Table 3 Putative mitochondrial and chloroplast genes among 13,020 transcripts at 9,366 loci

The RPKM values of 18 chloroplast transcripts were higher in TD, whereas those of 22 chloroplast transcripts were higher in DT. However, the RPKM values of 80 mitochondrial transcripts were higher in TD, whereas those of 61 mitochondrial transcripts were higher in DT. There was a greater than fourfold difference between TD and DT in only four mitochondrial transcripts (the ratios of TD:DT were 8:2–9:1 for locus nos. 4069, 5276, 7742, and 9231; Table 2). Loci 5276 and 9231 had partial homology to the nuclear genome, whereas the remaining two transcripts originated from the mitochondrial genome only.

Intra-locus percentage contributions

Of the 13,020 transcripts, 7,474 were single transcripts from 7,474 loci, whereas 5,546 transcripts were multiple transcripts from 1,718 loci. We found that 763 and 433 loci produced two and three transcripts, respectively, with up to 13 transcripts/locus. The percentage contributions of each transcript to the locus were calculated as 100 × (RPKM value of a transcript/total RPKM value of all transcripts within a locus). If two or three transcripts were transcribed equally from a locus, percentage contributions of 50 and 33.3 % were expected, respectively. However, the percentages varied widely both among transcripts and between T and D (r = 0.656) (Fig. 3a). By contrast, very similar percentage contributions for the respective transcripts were found between TD and DT (r = 0.991), although the percentages varied widely among transcripts from 0 to 100 % (Fig. 3b).

Fig. 3
figure 3

Intra-locus percentage contributions of each transcript from 1,718 loci with multiple transcripts (total of 5,546 transcripts) for T and D (a), and TD and DT (b)
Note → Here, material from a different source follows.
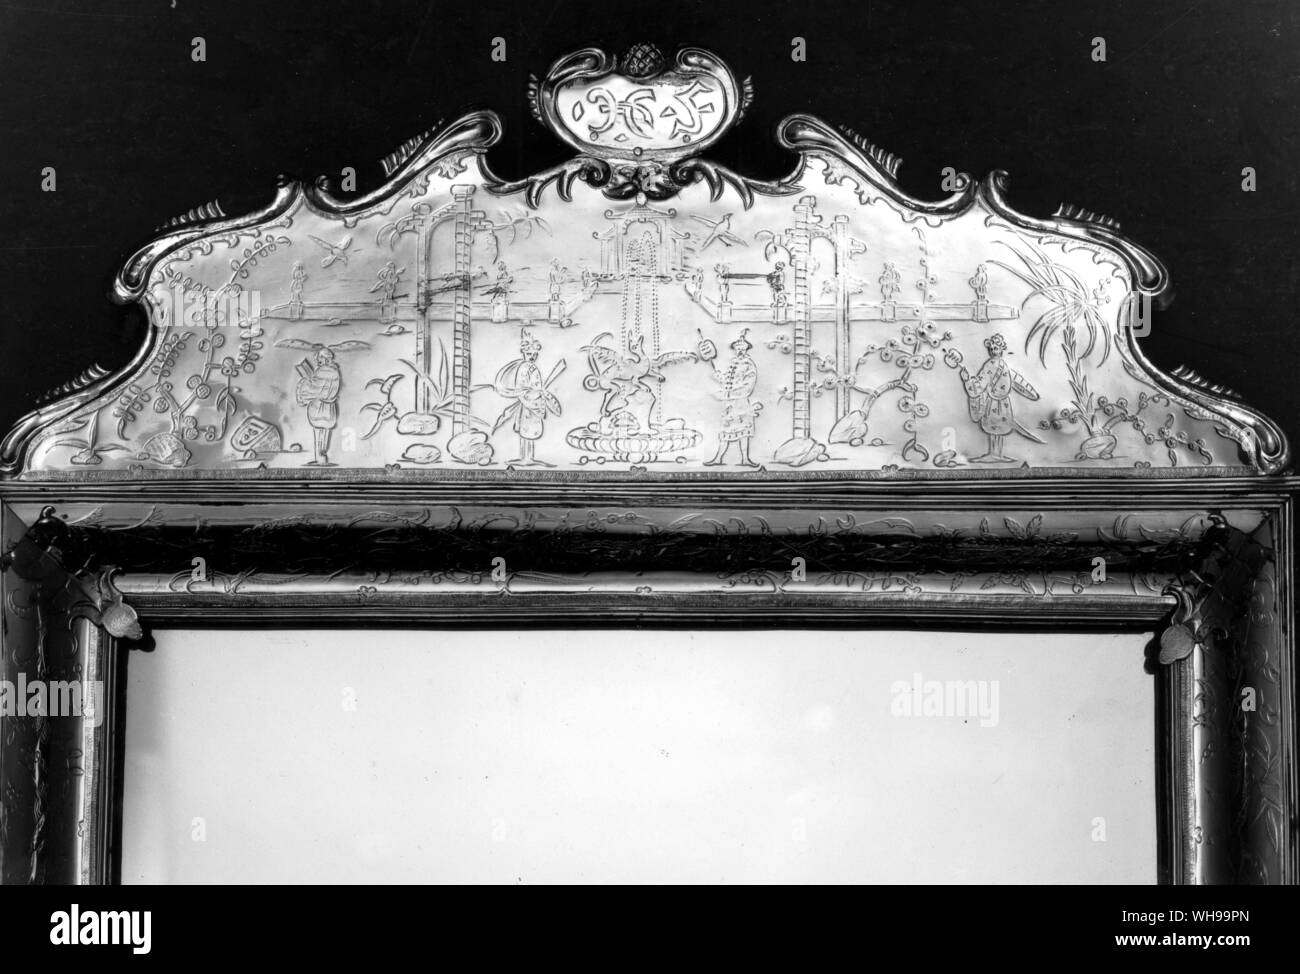 Cresting of a silver toilet mirror c.1680 by Robert Smythier with pre-rococo-chinoiserie scenes Stock Photo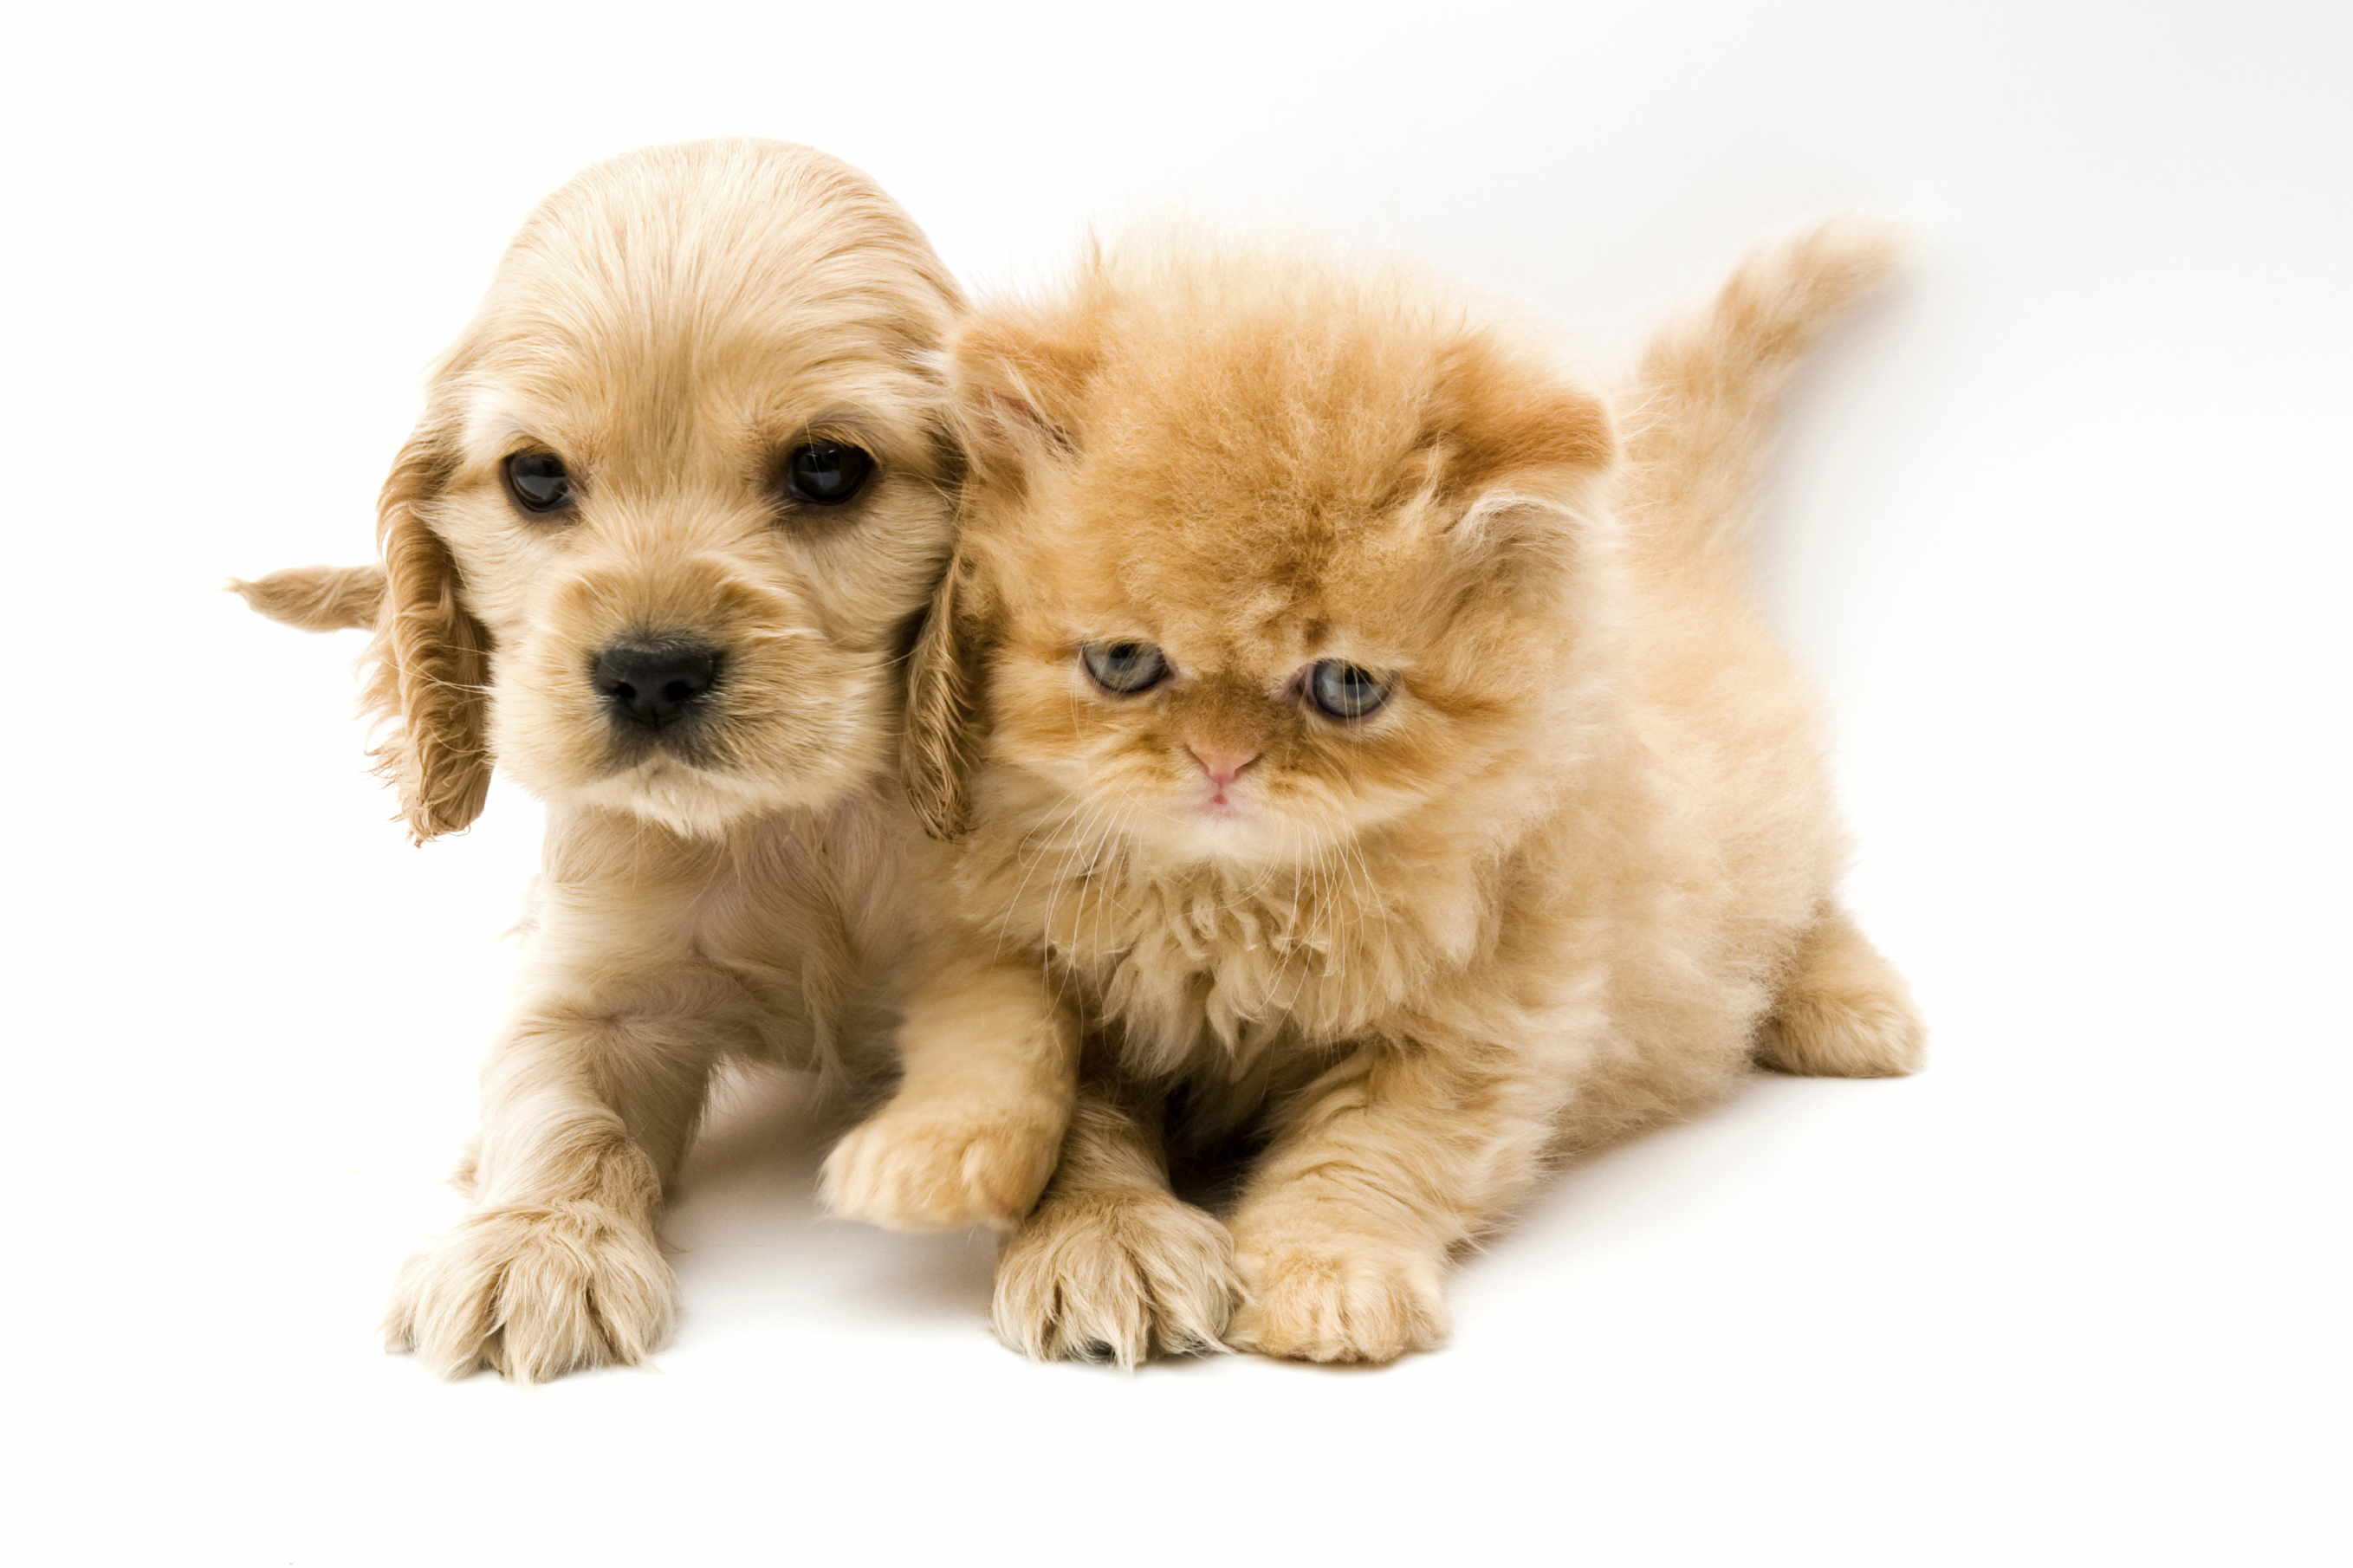 Cat And Dog Wallpaper High Quality

Comparison of the intra-locus percentage contributions of the parents and their progeny

To investigate the genetic mode by which alleles of the same locus from two species were expressed in the complex composition of the F1 hybrid, the intra-locus percentage contributions of 5,546 transcripts from 1,718 loci in TD and DT were compared with those of the corresponding parental percentages, which were categorized as shown in Fig. 4. We found that 2,056 (37.1 %) of TD and 1,957 (35.3 %) of DT transcripts were within the range of mid-parental percentages ± 12.5 %, while 4,124 (74.4 %) of TD and 4,034 (72.7 %) of DT transcripts were within the range of the mid-parental percentages ± 37.5 %. Thus, approximately three-fourths of the transcripts had intermediate percentages between the parental percentages in their progeny. The remaining transcripts were either within the range of the D-parent percentages ± 12.5 % (853 transcripts) or the T-parent percentages ± 12.5 % (421 transcripts), or they exceeded the D-parent percentages +12.5 % (938 transcripts) and the T-parent percentages (722 transcripts). Thus, the progeny percentages tended to be intermediate between the parental percentages or fairly similar to the D-parent percentages (Fig. 4).

Fig. 4
figure 4

Intra-locus percentage contributions of 5,546 transcripts from 1,718 loci for the parents and TD and DT progeny. It can be seen that 2,781 transcripts had higher intra-locus percentage contributions in T compared with D (a), while those of 2,765 transcripts had higher percentages in D than T (b). The percentage contributions of the progeny were categorized using the scale shown below

SNP genotyping of transcripts

Each transcript could be further distinguished into transcript variants. One hundred loci were selected from those that exhibited the largest differences in TD and DT (referred to as the Top 100 loci). The Top 100 loci included three loci from TD < DT and 97 loci from TD > DT based on the transcripts in Table 2, which contained two mitochondrial loci (loci 7742 and 9231). These loci were analyzed for SNPs to distinguish the transcript variants. For 17 loci, including the mitochondrial locus 9231, no SNPs were found in the transcripts, whereas SNPs distinguished 260 transcript variants for 83 loci. The sequences were compared with those of their parents to determine the parental origins (Table 4). One transcript variant in TD was not found in both parents. We found that 78 and 111 transcript variants were T-derived and D-derived, respectively, while 70 were detected in both parents. Thus, each progeny locus was composed of an average of 0.78 (ranging from 0 to 3) T-derived, 1.11 (ranging from 0 to 3) D-derived, and 0.87 (ranging from 0 to 3) common transcript variants. The former two transcript variants were designated as parent-specific transcripts.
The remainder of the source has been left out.